Bundeswehrhilfe für die Polizei umstritten

Entwurf des Bundesinnenministeriums will die Amtshilfe der Bundeswehr für die Polizei neu regeln / SPD-Obmann Nöbel: Bedenkliche Weg eingeschlagen / Umfaller Burkhard Hirsch: Wichtiger Schritt in die richtige Richtung / Entwurf jetzt bei den Länderministerien  ■  Von Wolfgang Gast

Berlin (taz) - Der Obmann der SPD-Fraktion im Bonner Innenausschuß, Wilhelm Nöbel, reagierte mit völligem Unverständnis. Ihn empörte, daß die Bundesregierung jetzt in der Sommerpause einen Erlaß über die Amtshilfe der Bundeswehr für die Polizei durchboxen will, „obwohl in der letzten Sitzung des Innenausschusses massive Kritik - nicht nur von Seiten der Opposition - und gravierende verfassungsrechtliche Bedenken laut geworden sind“. Seine Bedenken richten sich gegen den am 21. Juni im Innenausschuß vorgestellte Entwurf, der die Richtlinien über eine Amtshilfe der Bundeswehr für die Polizei neu regeln soll. Nach dem Papier, das für die Öffentlichkeit noch nicht freigeben ist, werden „Unterstützungshandlungen der Bundeswehr, die nicht als Einsatzhandlungen zu verstehen sind, keinen verfassungsrechtlichen Bedenken unterliegen“. Die Debatte, die sich jetzt abzeichnet, wird um Frage kreisen, was sind rechtlich zulässige „Amtshilfen“ und wie lassen sie sich von der für die Bundeswehr verfassungsrechtlich verbotenen „vollziehenden Gewalt“ abgrenzen.

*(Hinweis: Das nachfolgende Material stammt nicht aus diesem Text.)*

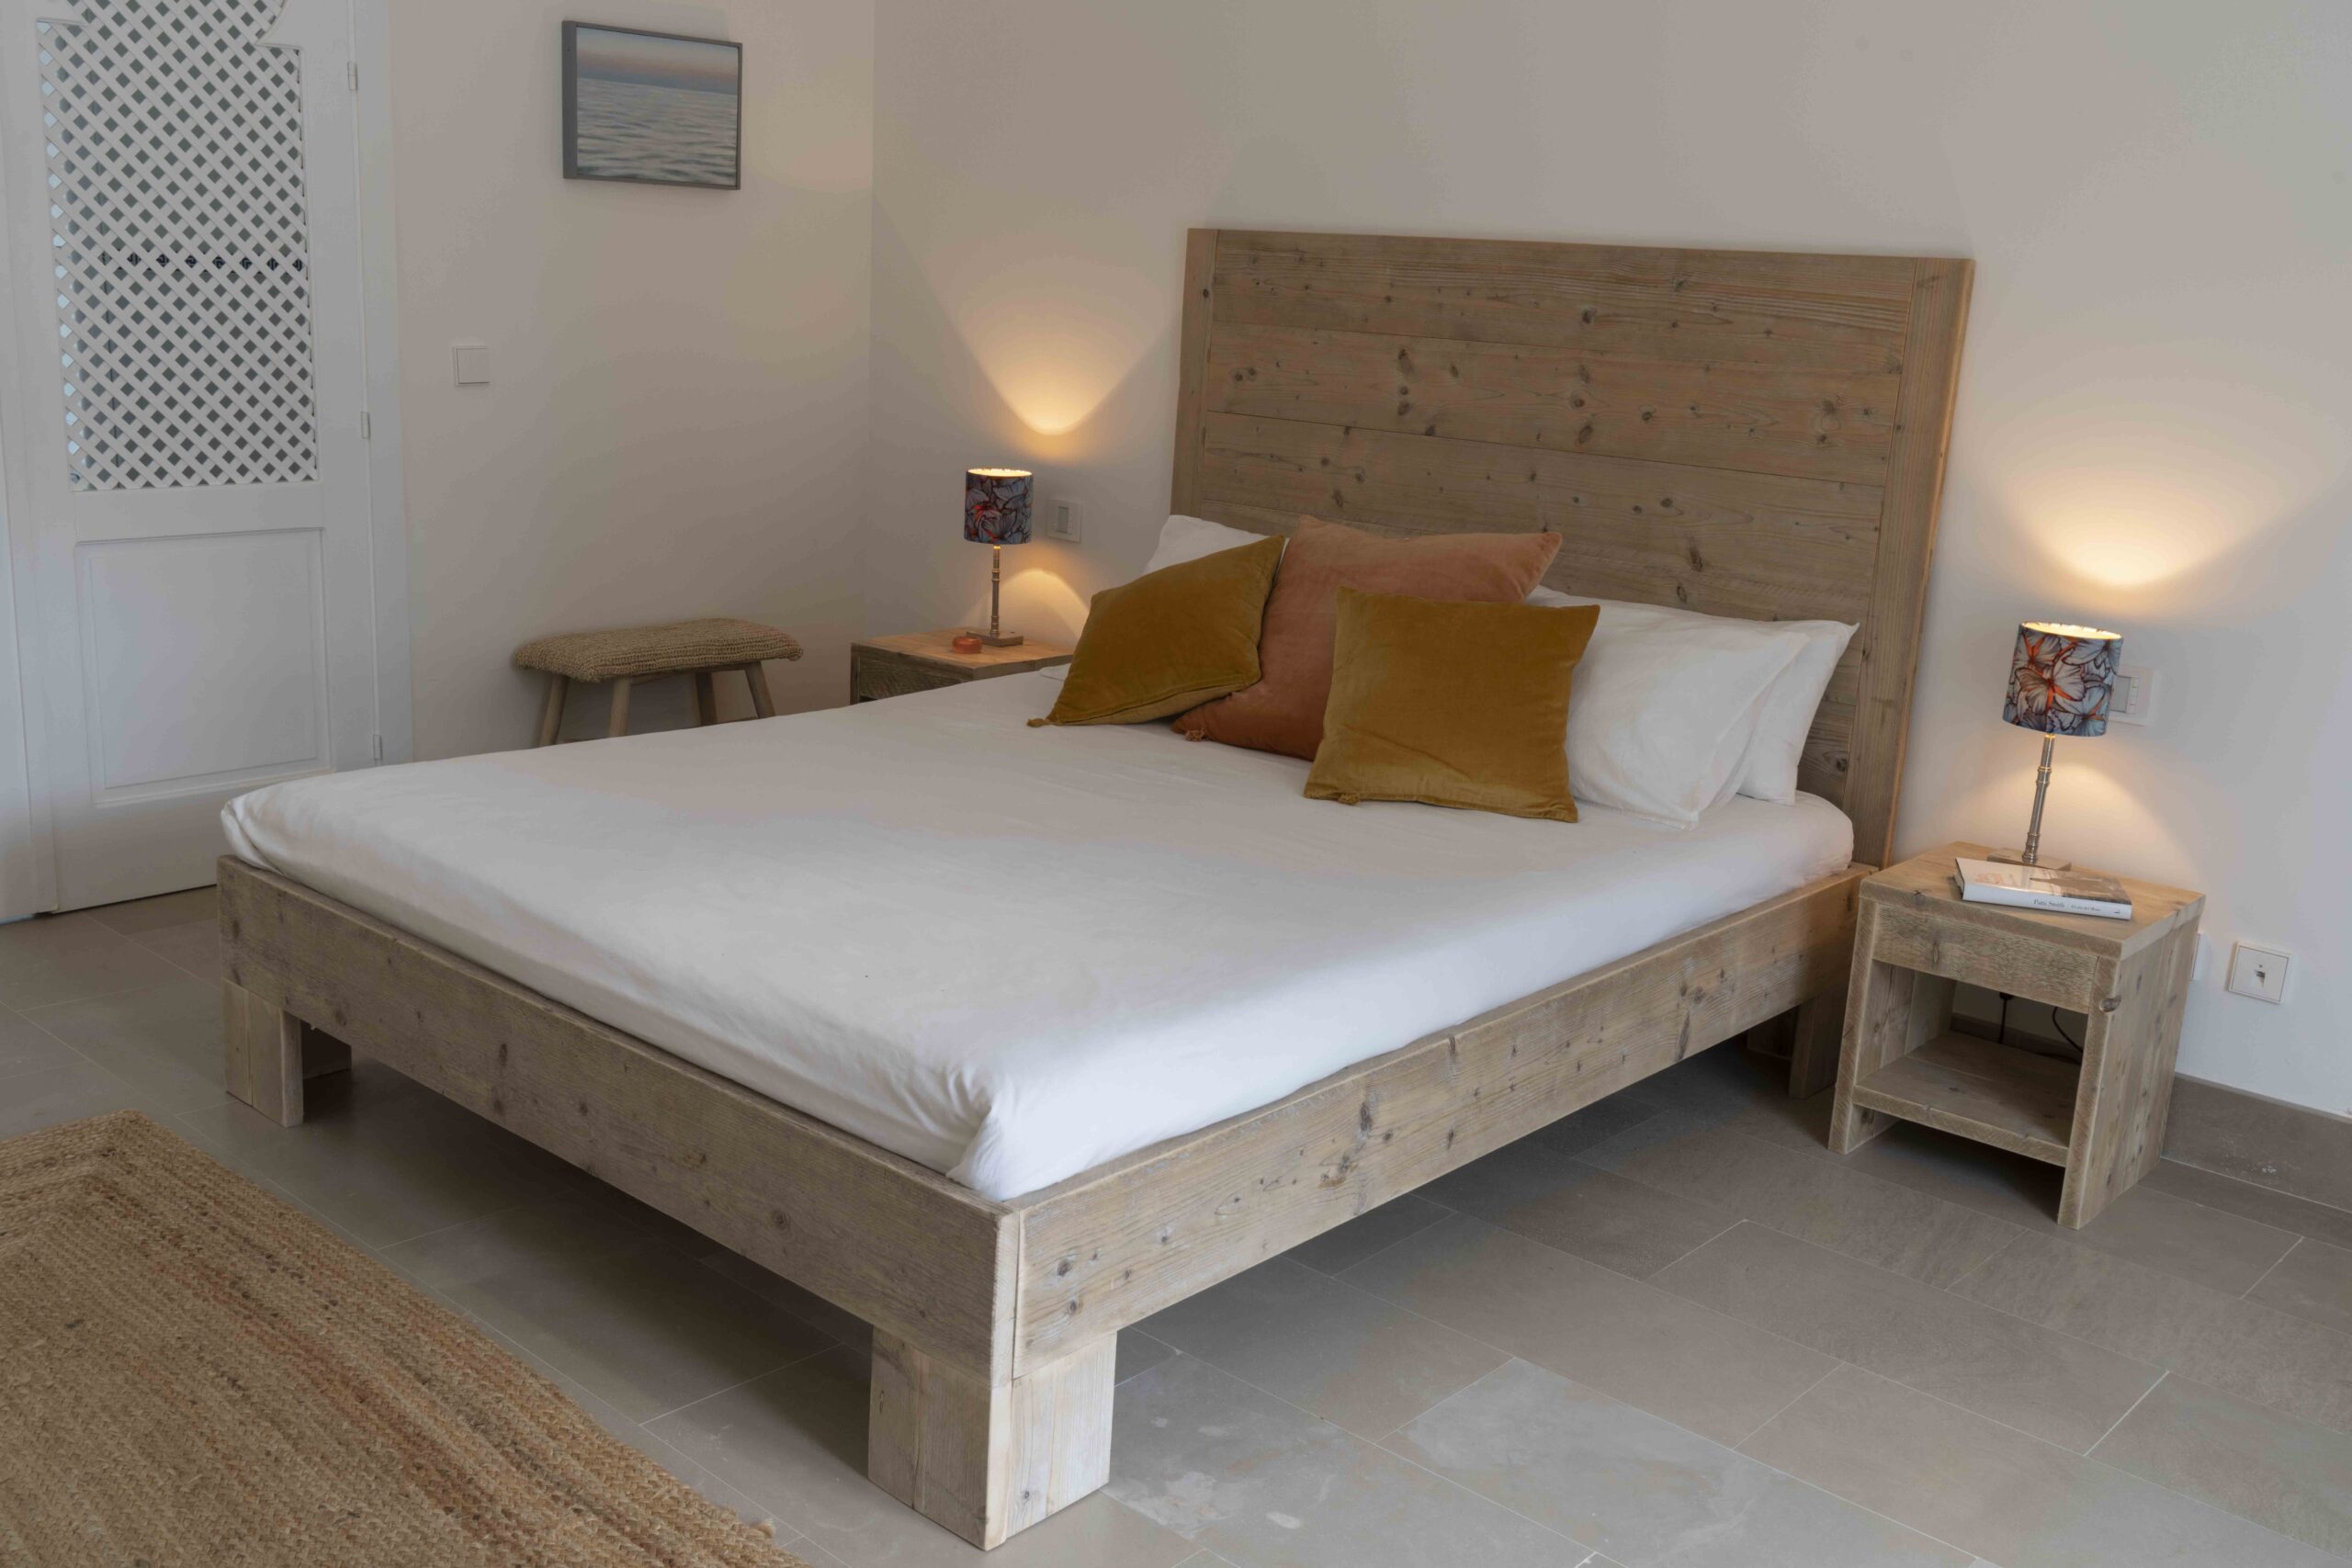 Precioso dormitorio nórdico con listones y banco de madera

Den Stein des Anstoßes lieferte ein Erlaß des Verteigungsminsiteriums aus dem Jahre 1987, der erst im vergangenen Herbst bekannt wurde. Darin hatte der damalige Innenminister Zimmermann den Polizeibehörden sowohl technische als auch logistische Hilfe der Bundeswehr bei Großdemonstrationen in Aussicht gestellt - etwa die Unterbrigung von Polzeieinheiten in Bundeswehrkaserenen, deren Verköstigung und ihren Transport. Konkret ging es um Hilfeleistungen im Zusammenhang mit befürchteten Auseinandersetzungen rund um die geplante Wackersdorefer WAA. KritikerInnen aus den Oppostionsparteien, dem Bonner Koalitionspartner FDP und Verfassungsrechtler sahen in dem Erlaß einen Bruch des Grundgesetzes - die Bundeswehr dürfe keinesfalls in innerstaatliche Auseinandesetuzngen hineingezogen werden. Als einzige Ausnahme käme käme der „innere Notstand“ in Frage - und auch das war bei der Einführung der entsprechenden Grundgesetzänderung in den 60er Jahren heftig umstritten.

Einer der schärfsten Kritiker des 87er Erlasses, der FDP -Sicherheitsexperte Burkhardt Hirsch, ließ im Anschluß an die Vorstellung der Neu-Entwurfes erklären, „die Inanspruchnahme von Bundeswehreinrichtungen, Personal und Geräten bei Großeinsätzen der Polizei gehöhrt zu den wirklich sensiblen Punkten“. Er wolle keine „Politisierung der Bundeswehr“ und keine „Fortsetzung der Polizei mit militärischen Mitteln“. Im Gegensatz zu seinem sozialdemokratischen Kollegen Nöbel zieht er aber zu den Schluß: „Die neu vorgelegte Richtlinie von Bundesverteidigungsminister Stoltenberg ist ein wichtiger Schritt in die richtige Richtung“. Nöbel dagegen: „Mit dem Erlaß wird ein bedenklicher Weg eingeschlagen“.

Der Sprecher des Verteidigungsministeriums Winfried Dunkel betonte gestern, daß es sich um einen gemeinsamen Entwurf der Ministerien des Inneren, der Justiz und der Verteidigung handelt. Der geplante Erlaß werde in der jetzigen Form auch von allen Ressorts getragen. Nach der Sitzung des Ausschusses ist das Papier den Länderministerien mit der Bitte um Stellungnahme weitergeleitet worden. Sollten von deren Seite keine Einwände kommen könnte der Erlaß in Kraft treten.